In other words, OpenAI is not saying every strange output is now bounty material. It is saying the cases worth paying for are the ones where an agent can be manipulated into leaking, acting, or helping someone break the surrounding product boundary.

That is useful discipline. It keeps the program from turning into an expensive inbox for screenshots of chat weirdness, and it gives researchers a cleaner target. If you can show reproducible prompt injection, data exfiltration, harmful agent behavior, proprietary leakage, or account-integrity abuse, you are in the conversation. If you have a generic jailbreak with no real-world path to harm, you are not.

Why this matters beyond OpenAI

The bigger signal is not just about one company. It is about what the market is starting to recognize as a defect class.

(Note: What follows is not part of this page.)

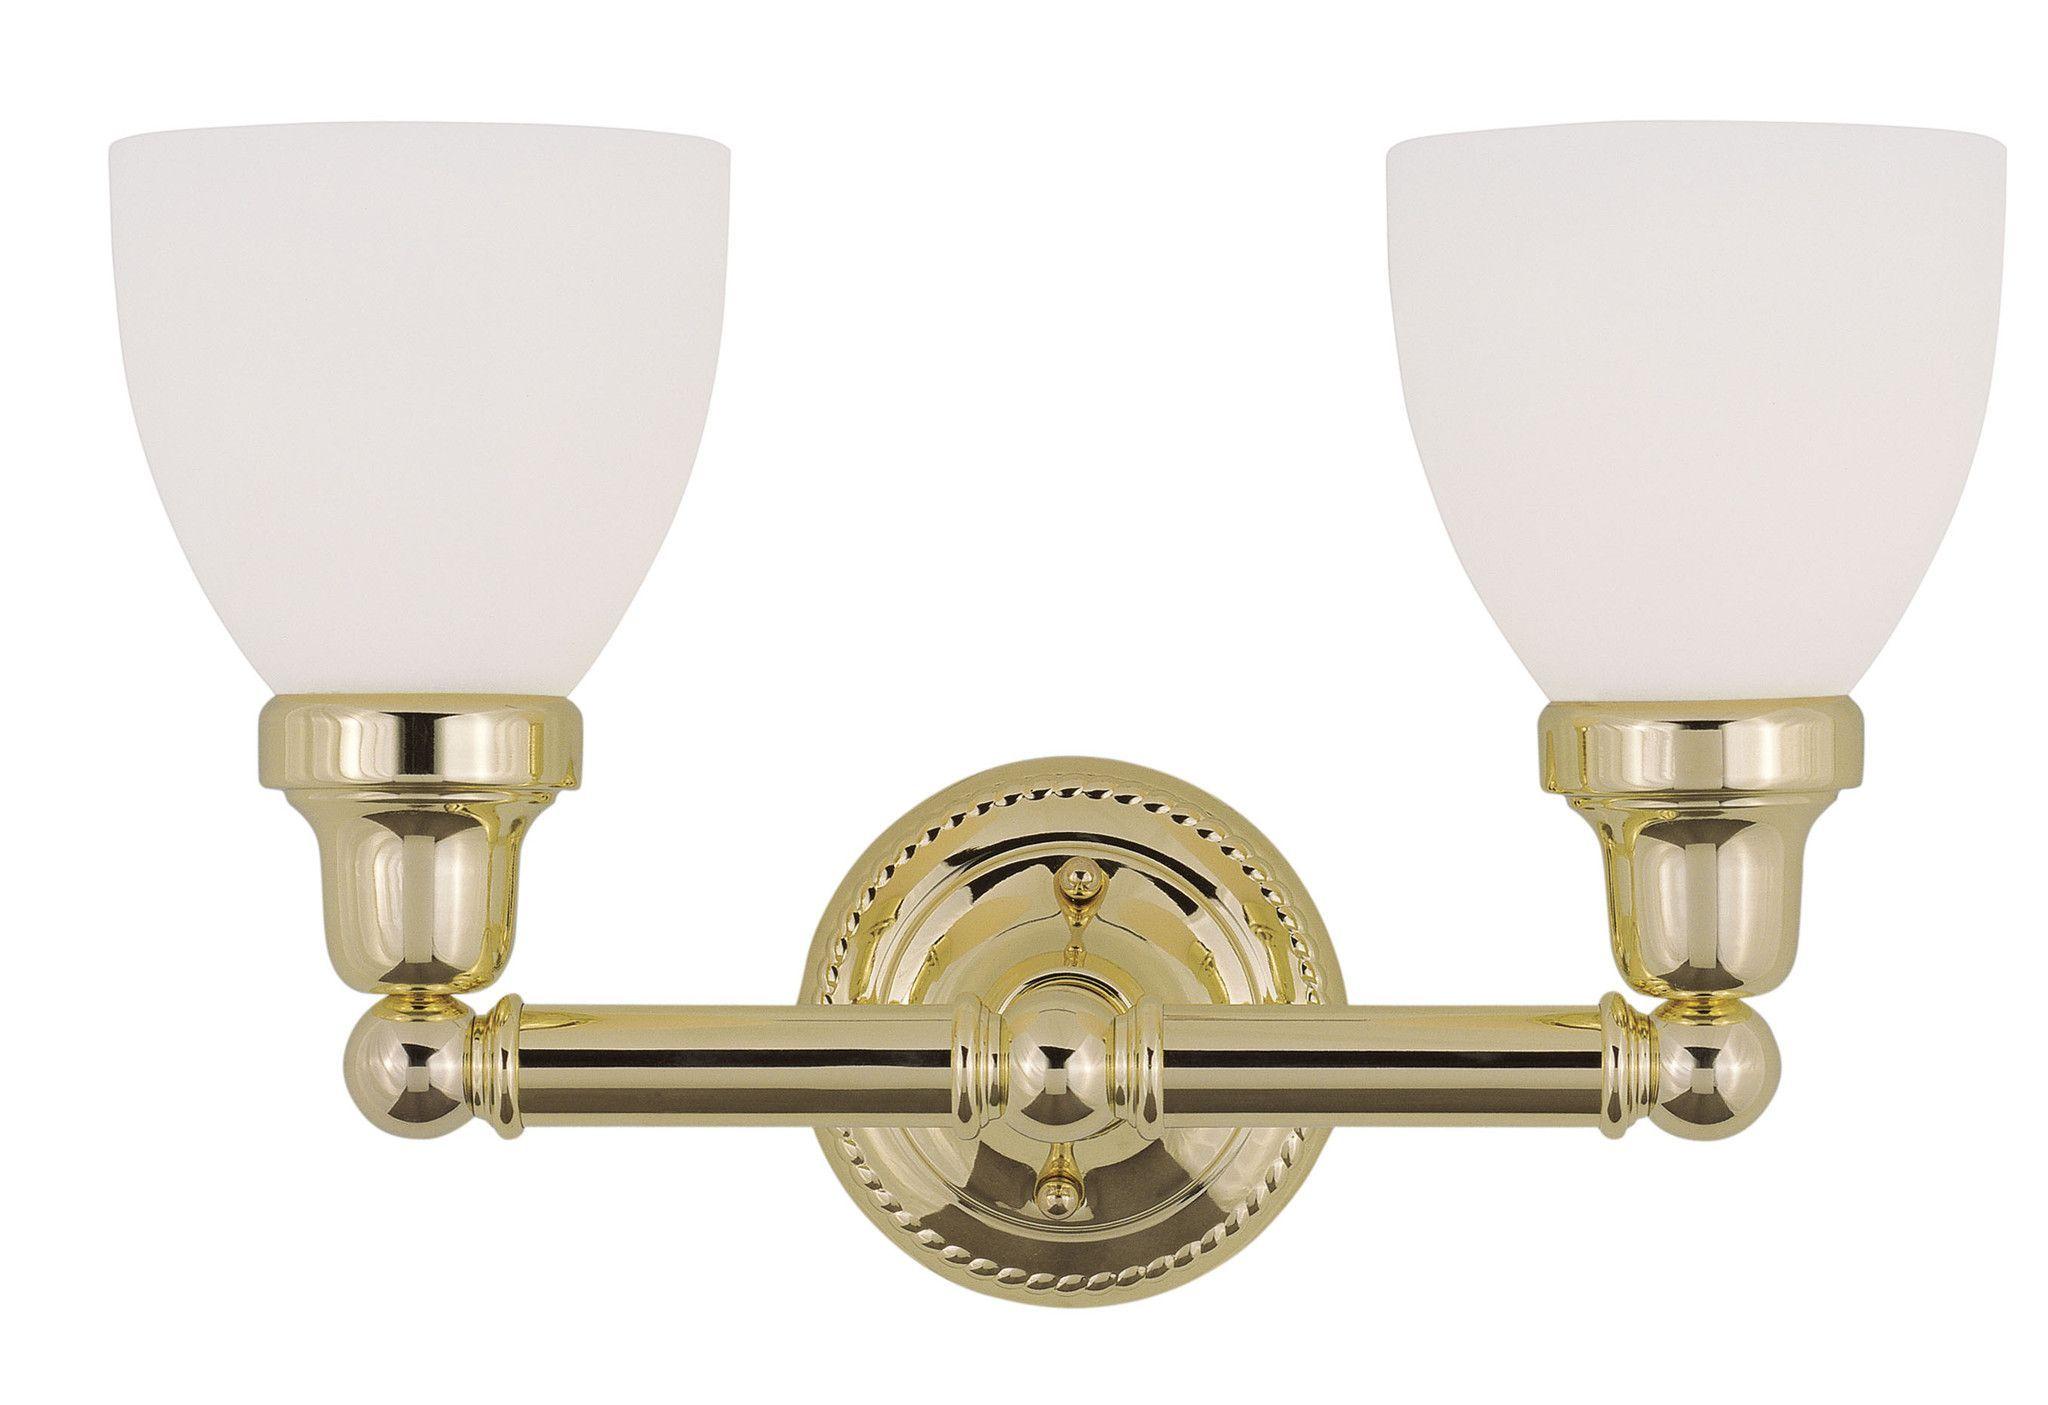 Livex Lighting Classic Polished Brass Bath Light 1022-02 | Bath ...

For years, prompt injection sat in an awkward category: obviously bad, hard to reason about, and often waved away as an inevitable limitation of language models. That posture becomes much harder to defend once the model has tools, memory, browsing, account state, and MCP-flavored access to external systems. At that point, the failure is no longer academic. It has side effects.

OpenAI's program does not solve that problem. What it does do is attach money, triage, and official language to it. That matters. Bug bounties are one of the cleaner ways a platform tells the outside world, "yes, this is a real bug class, and yes, we expect researchers to go find it." If more agent vendors follow, prompt injection and tool abuse will look less like a fuzzy red-team talking point and more like ordinary engineering debt with a payout schedule.

That is why this March 25 launch is worth covering. Not because OpenAI added another form. Because it quietly answered a more interesting question: what kinds of AI failure now count as bugs serious enough to pay for? On this showing, the answer is increasingly simple. If an agent can be tricked into leaking, acting, or crossing a boundary it should not cross, OpenAI wants to hear about it.